Echocardiographic studies show an increased dimension of the aortic root with or without AR and a “redundant” mitral valve or MVP with thickened valve leaflets and MR. Periodic examination of the aortic root dimension and the status of the MR and MVP are important. As to the diagnosis of MVP in children, however, the adult criteria of MVP are met infrequently, probably because MVP is a progressive disease, and a full manifestation of the disease does not occur until adulthood.

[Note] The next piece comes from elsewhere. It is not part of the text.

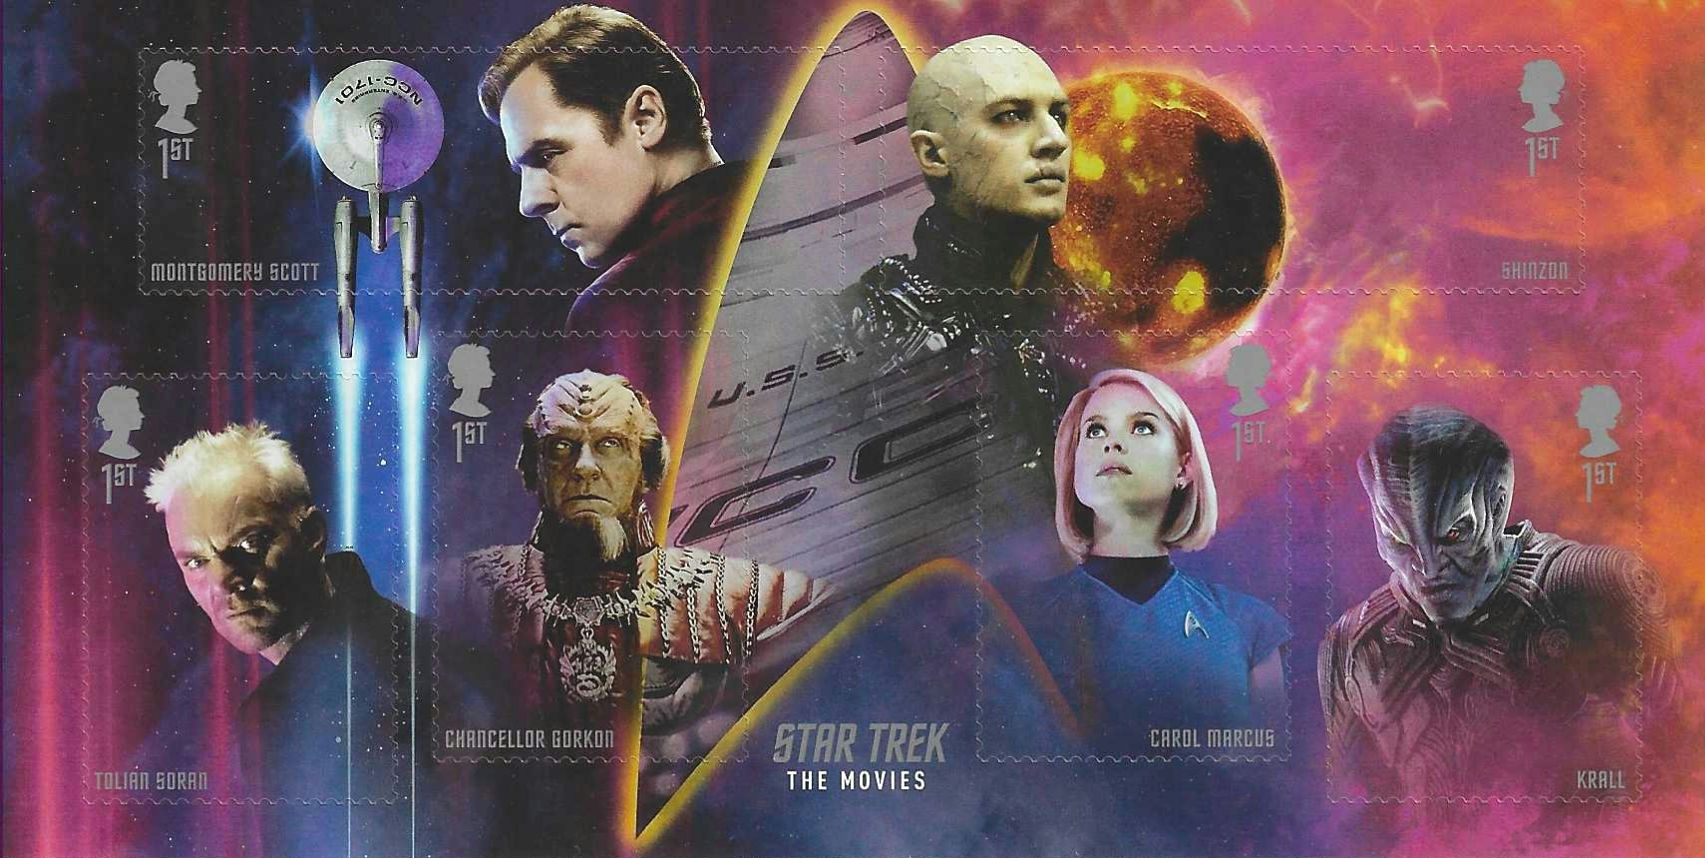 Star Trek stamps from United Kingdom

Early death in individuals with this syndrome is most commonly precipitated by aortic dissection, chronic AR, or severe MR. Early and improved surgery and the use of beta-blockers have significantly increased the life expectancy of these patients in recent years.
- 1.
Beta-blockers (atenolol, propranolol) are effective in slowing the rate of aortic dilatation and reducing the development of aortic complications. Recently, enalapril was reported to reduce the rate of increase in the aortic root diameter ( Yetman et al, 2005 ). Thus, beta-blockers or ACE inhibitors (or both) should be administered to children when the aortic root size exceeds the upper limit of normal for age.
- 2.
Certain physical activities are discouraged to reduce the damage to the aortic root and regurgitant aortic and mitral valves. Exercises, such as weightlifting, rowing, push-ups, pull-ups, sit-ups, and hanging on a monkey bar, should be avoided.
- 3.
Surgery should be considered when the diameter of the aortic root increases significantly. However, there is controversy as to what is considered significant enlargement of the aortic root to require surgery. Some centers recommend surgery when the aortic root diameter is greater than 3.5 cm ( Kim et al, 2005 ), others recommend surgery when the aortic root equals approximately twice the average measurement for that age group, and still others recommend surgery when the diameter reaches near 6.5 cm ( Gott et al, 1999 ). Recently, a maximum sinus dimension of 5 cm or a rapid increase in dimension (>1 cm/year) have been suggested as indications for surgery ( Tweddell et al, 2012 ). Normal two-dimensional echocardiographic dimensions of the aortic root and the aorta are presented in Table D-3 in Appendix D .
- 4.
Valve-sparing aortic root reconstruction appears to be preferable to composite graft surgery.
- 5.
Cardiac failure caused by severe MR is treated with mitral valve repair or valve replacement.
- 6.
Aortic root dilatation or aortic aneurysm may occur in other connective tissue diseases, and similar surgical procedures may become necessary. The conditions may include, in addition to Marfan’s syndrome, Ehlers-Danlos syndrome, Turner syndrome, Loeys-Dietz syndrome, and others. Dilatation of the ascending aorta or the aortic root can also occur after surgery for CHDs, such as aortic stenosis (AS), TOF, and truncus arteriosus.